Reputation: 587
I have the following data
library(xts)
values<-c(2,2,2,4,2,3,0,0,0,0,0,1,2,3,2)
time1<-seq(from=as.POSIXct("2013-01-01 00:00"),to=as.POSIXct("2013-01-1 14:00"),by="hour")
data<-xts(values,order.by=time1)
data
[,1]
2013-01-01 00:00:00 2
2013-01-01 01:00:00 2
2013-01-01 02:00:00 2
2013-01-01 03:00:00 4
2013-01-01 04:00:00 2
2013-01-01 05:00:00 3
2013-01-01 06:00:00 0
2013-01-01 07:00:00 0
2013-01-01 08:00:00 0
2013-01-01 09:00:00 0
2013-01-01 10:00:00 0
2013-01-01 11:00:00 1
2013-01-01 12:00:00 2
2013-01-01 13:00:00 3
2013-01-01 14:00:00 2
Now I want to remove all the zeroes, this can be easily achieved with
remove_zerro = apply(data, 1, function(row) all(row !=0 ))
data[remove_zerro,]
The problem is that after I use the data without zeros and make some modifications I want to insert the zeros back to my data at the same date and time.
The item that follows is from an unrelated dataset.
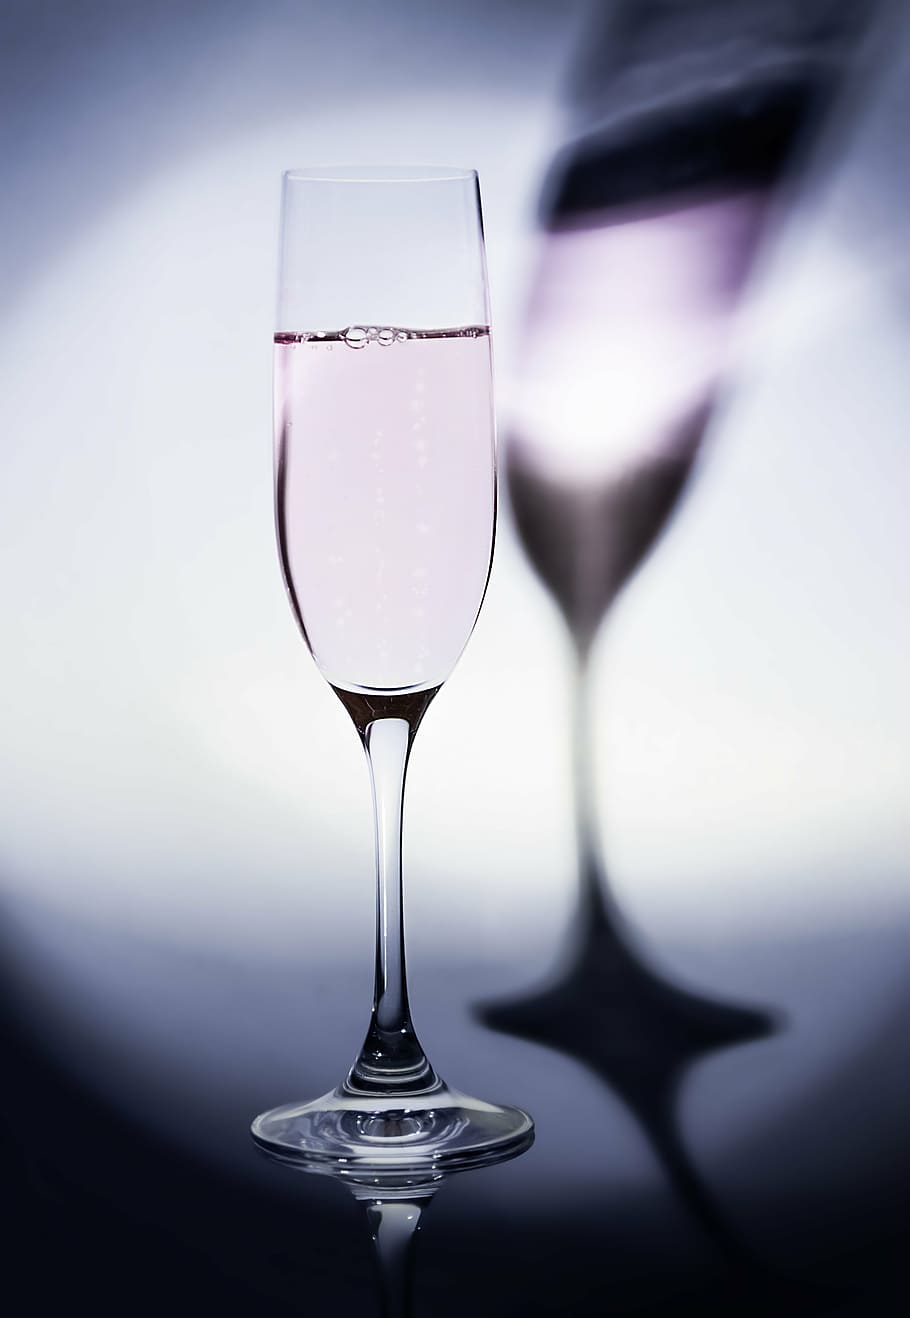 clear, long-stemmed, wine glass, filled, pink, liquid, champagne, shadow, light, glass

Any idea would be apprecciated
Upvotes: 2
Views: 115
Reputation: 22374
It seems like you might want to work with sparse vectors/matrices:
install.packages("spam")
library(spam)
sx <- c(0,0,3, 3.2, 0,0,0,-3:1,0,0,2,0,0,5,0,0)
apply.spam(spam(sx), NULL, function(x){1 / x})
[,1]
[1,] 0.0000000
[2,] 0.0000000
[3,] 0.3333333
[4,] 0.3125000
[5,] 0.0000000
[6,] 0.0000000
[7,] 0.0000000
[8,] -0.3333333
[9,] -0.5000000
[10,] -1.0000000
[11,] 0.0000000
[12,] 1.0000000
[13,] 0.0000000
[14,] 0.0000000
[15,] 0.5000000
[16,] 0.0000000
[17,] 0.0000000
[18,] 0.2000000
[19,] 0.0000000
[20,] 0.0000000
If you did it with zero-values:
> apply(matrix(sx), 1, function(x){1 / x})
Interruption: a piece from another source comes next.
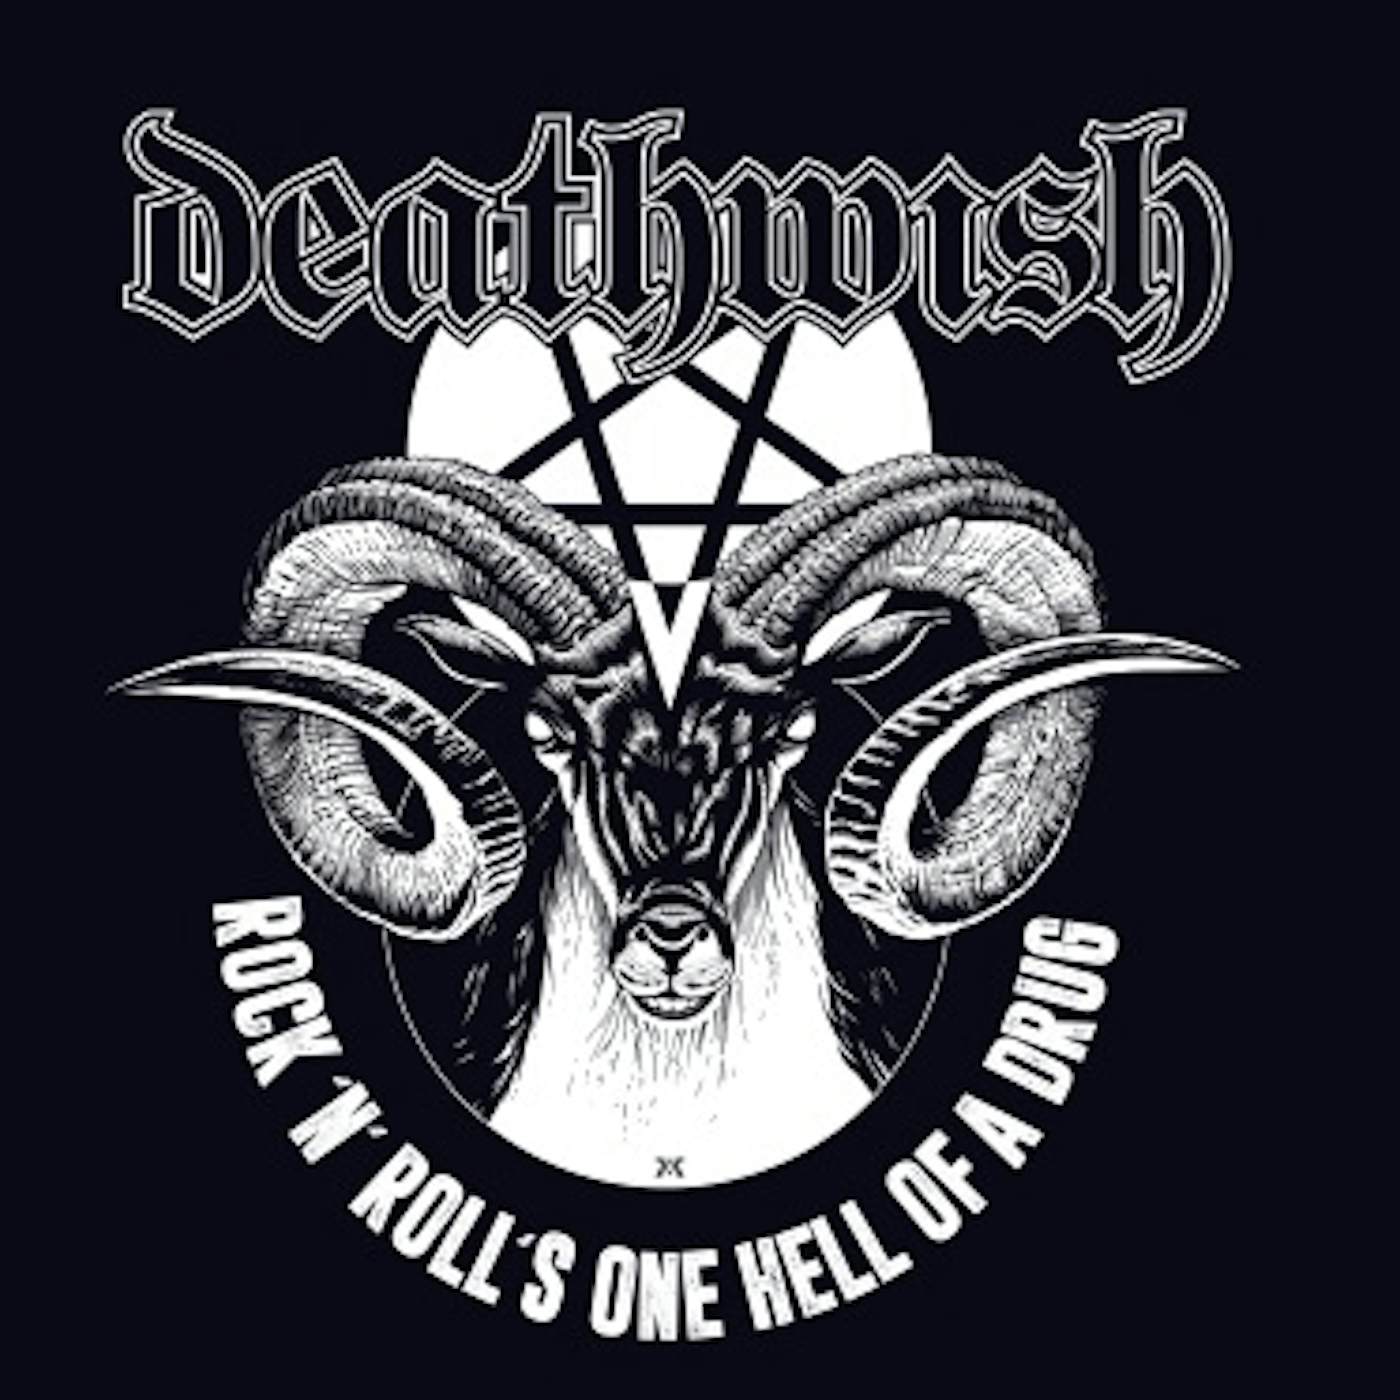 Deathwish ROCK N ROLLS ONE HELL OF A DRUG Vinyl Record

[1] Inf Inf 0.3333333 0.3125000 Inf Inf
[7] Inf -0.3333333 -0.5000000 -1.0000000 Inf 1.0000000
[13] Inf Inf 0.5000000 Inf Inf 0.2000000
[19] Inf Inf
So you can see that apply.spam
ignores zeros, but puts them back automatically
The disadvantage is that you'll have to reattach your time-labels back after processing.
Upvotes: 1
Reputation: 587
So obviously this is the solution
no<-data[ data[,1] != 0, ] #data without zeros
yes<-data[ data[,1] == 0, ]# data with only zeros
together<-c(no, yes)# both data combined together
Upvotes: 0
Reputation: 57220
Here are two possible approaches :
# re-create your data set
library(xts)
values<-c(2,2,2,4,2,3,0,0,0,0,0,1,2,3,2)
time1<-seq(from=as.POSIXct("2013-01-01 00:00"),to=as.POSIXct("2013-01-1 14:00"),by="hour")
data<-xts(values,order.by=time1)
data
###############################################
# SOLUTION 1 :
# make a union of the "zero" series and the "zero-free" series
# create a copy of data with no zero
isNotZero = apply(data, 1, function(row) all(row != 0 ))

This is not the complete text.